Facebook cracks down on hate speech and expands definition of antisemitism

The social media giant announced the updated policy on Tuesday

Ian Wagreich/Aspen Ideas Festival

Facebook CEO Mark Zuckerberg

Facebook is cracking down on hate speech, including antisemitism, on the platform, the social media company announced on Tuesday. 

According to its updated community standards policy, the platform will now take down content that depicts “Jewish people running the world or controlling major institutions such as media networks, the economy or the government.” The platform will also take down posts that include “caricatures of black people in the form of blackface.”

The language is similar to the text of the International Holocaust Remembrance Alliance’s working definition of antisemitism, which specifically cites “the myth about a world Jewish conspiracy or of Jews controlling the media, economy, government or other societal institutions.” 

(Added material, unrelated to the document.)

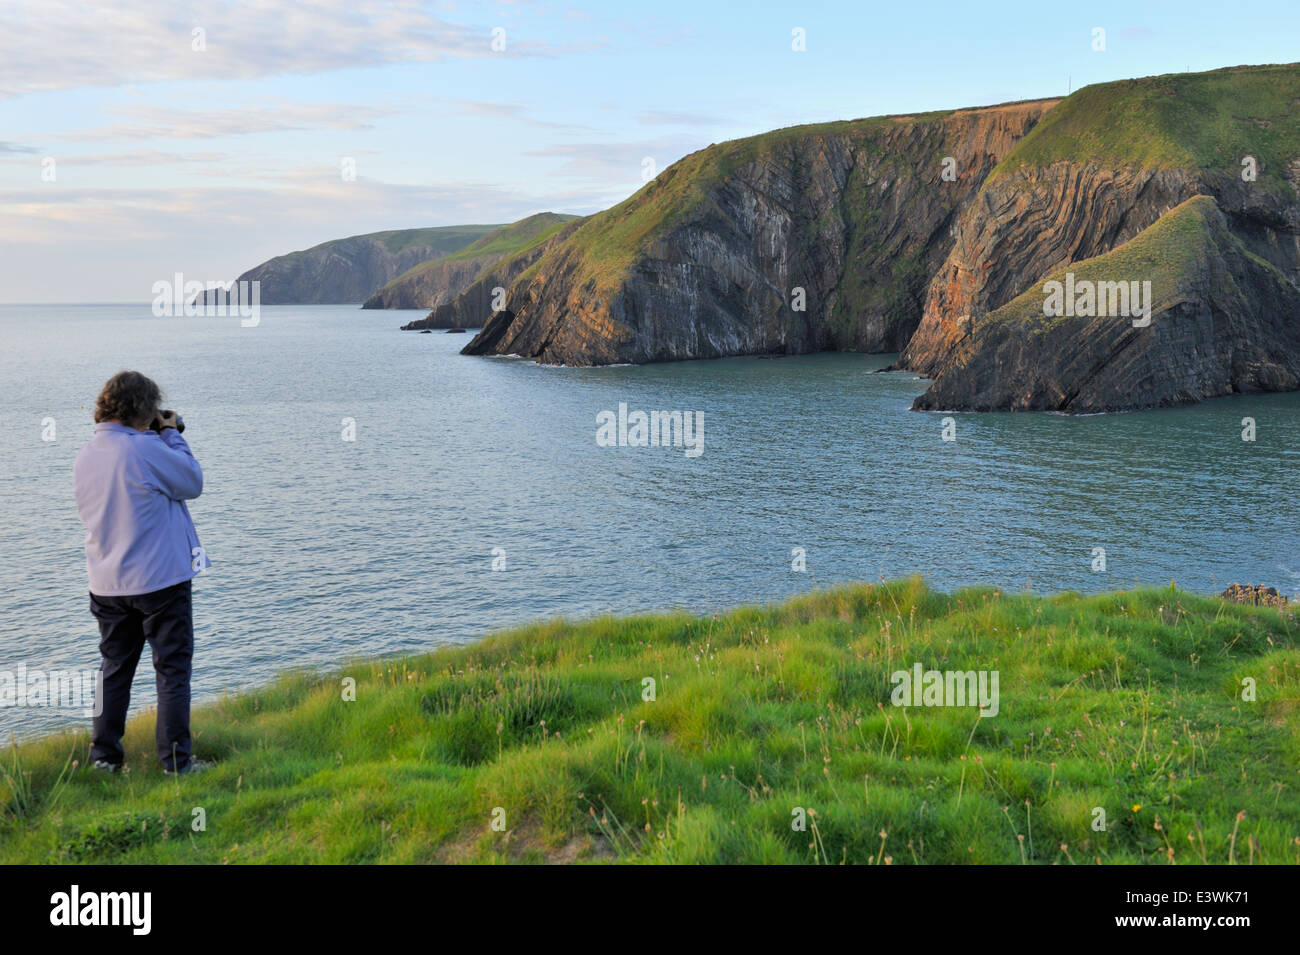 Début de soirée femme avec caméra sur champ vert le long de la côte du Pembrokeshire, Pays de Galles de l'ouest. Près de la Baie d'Ceibwr Banque D'Images

“The IHRA working definition of antisemitism has always been valuable for informing our own approach to fighting antisemitism,” Jordana Cutler, Facebook’s head of public policy for Israel and the Jewish diaspora, told JI. “The harmful stereotypes policy that we launched today draws on the spirit and the text of the second bullet point in the IHRA definition.”

The decision marks the first substantive policy update to the company’s “objectionable content” standards in months. Facebook said Tuesday that it had scaled up efforts to address problematic content, taking action on 22.5 million pieces of content during the second quarter of 2020, up from 9.6 million pieces of content in the first quarter.

“This is a policy that we have been working on for over a year; with stakeholders from many different communities impacted by this policy,” Cutler said. “We have had roundtables with Jewish organizations in both the U.S. and Europe to help us understand where we can improve and help keep Jews feel safe on our platform. This policy is the result of those conversations and it took time to operationalize it with the size and scale of our platform.”

In a statement, World Jewish Congress President Ronald S. Lauder said, “The World Jewish Congress has worked closely with Facebook to encourage the platform to remove harmful content including stereotypes as a form of hate speech. We applaud Facebook for its leadership and hope this move will be a guiding light for other social media companies to follow.” 

Facebook has come under fire in recent months for allowing hate speech on its website. In June, the Anti-Defamation League, National Association for the Advancement of Colored People, Color of Change and other organizations launched a campaign to encourage companies to pause advertising on the website to protest the presence of hate speech on the platform.

In May, the company announced the creation of an independent oversight board to function as a final arbiter over questions regarding removing objectionable content from the site.